Ma niente e nessuno c’è mai riuscito a farmi abbandonare i miei “luoghi” prediletti, lo stadio e la redazione del giornale, la macchina da scrivere e i miei block notes, i miei pomeriggi in curva Nord tra gli ultras e, nelle trasferte, i pullman traboccanti di passione rosanero, tra bandiere al vento e nel vortice di cori e inni per la vittoria, che sono belli perché sono semplici, ingenui, infantili. Com’è sempre l’amore, quand’è totale, puro, incontaminato.
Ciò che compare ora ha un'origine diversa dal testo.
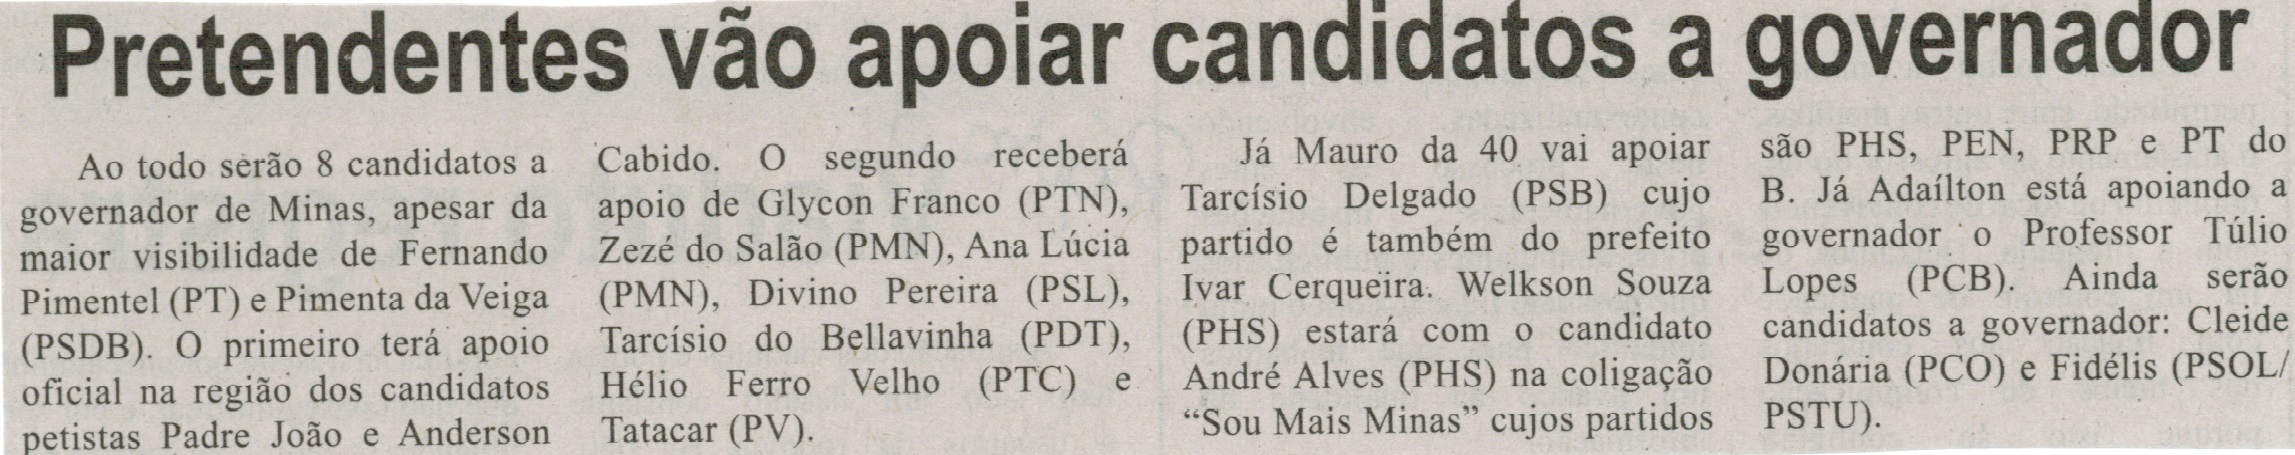 Pretendentes vão apoiar candidatos a governador. Correio de Minas, Conselheiro Lafaiete, 12 jul. 2014, p. 3.

Ho sofferto per anni, giorno dopo giorno, il fatto di dover trattar di codici, leggi e cavilli giuridici, dei quali non me ne importava un fico secco; avvilirmi di continuo per capire le perfide sottigliezze giuridiche di certe imperscrutabili (almeno per me) sentenze di Cassazione, in virtù delle quali ad aver ragione non era mai quello che pensavo io. E, magari, lo difendevo in giudizio. Raccogliendo, alla fine, solo delusioni e, quel ch’è peggio, il sorriso di scherno del cliente. “Avvocato, a causa pirdiemmu!”. E finiva sempre allo stesso modo: che se andava senza pagare. E senza che io avessi mai il coraggio di richiamarlo all’ordine, ovvero al suo dovere, che era quello di saldare gli onorari all’avvocato.

Eppure, di un lavoro così, io ci ho campato per la vita, fino alla pensione, senza mai sottrarmi al supplizio, neanche un solo giorno: avevo una famiglia da mantenere e, per natura ed educazione, ho il senso del dovere e sono abituato ad assumermi sempre le mie responsabilità. E quelle derivanti da moglie e figlia erano – e sono – primarie: quando c’è stato da scegliere tra loro o la mia passione per stadi e articoli, non ho mai esitato a fare un passo indietro. Io mi voglio bene, come tutti gli esseri umani se ne vogliono; sono egoista quanto basta, come capita un po’ a tutti; cedo alla vanità come tutti, non rinuncerei mai al piacere che mi dà un complimento, una cordiale stretta di mano, dopo un mio articolo ben scritto, ma se mi si pone il dilemma: tu e il tuo lavoro amato fin quasi alla follia oppure la serenità della tua famiglia, continuo a non avere esitazioni e scelgo quest’ultima.

Per tutto questo e altro ancora, il Primo Maggio per me non è mai stato, né mai lo sarà, la festa forse più bella e condivisa da tutta la gente del mondo.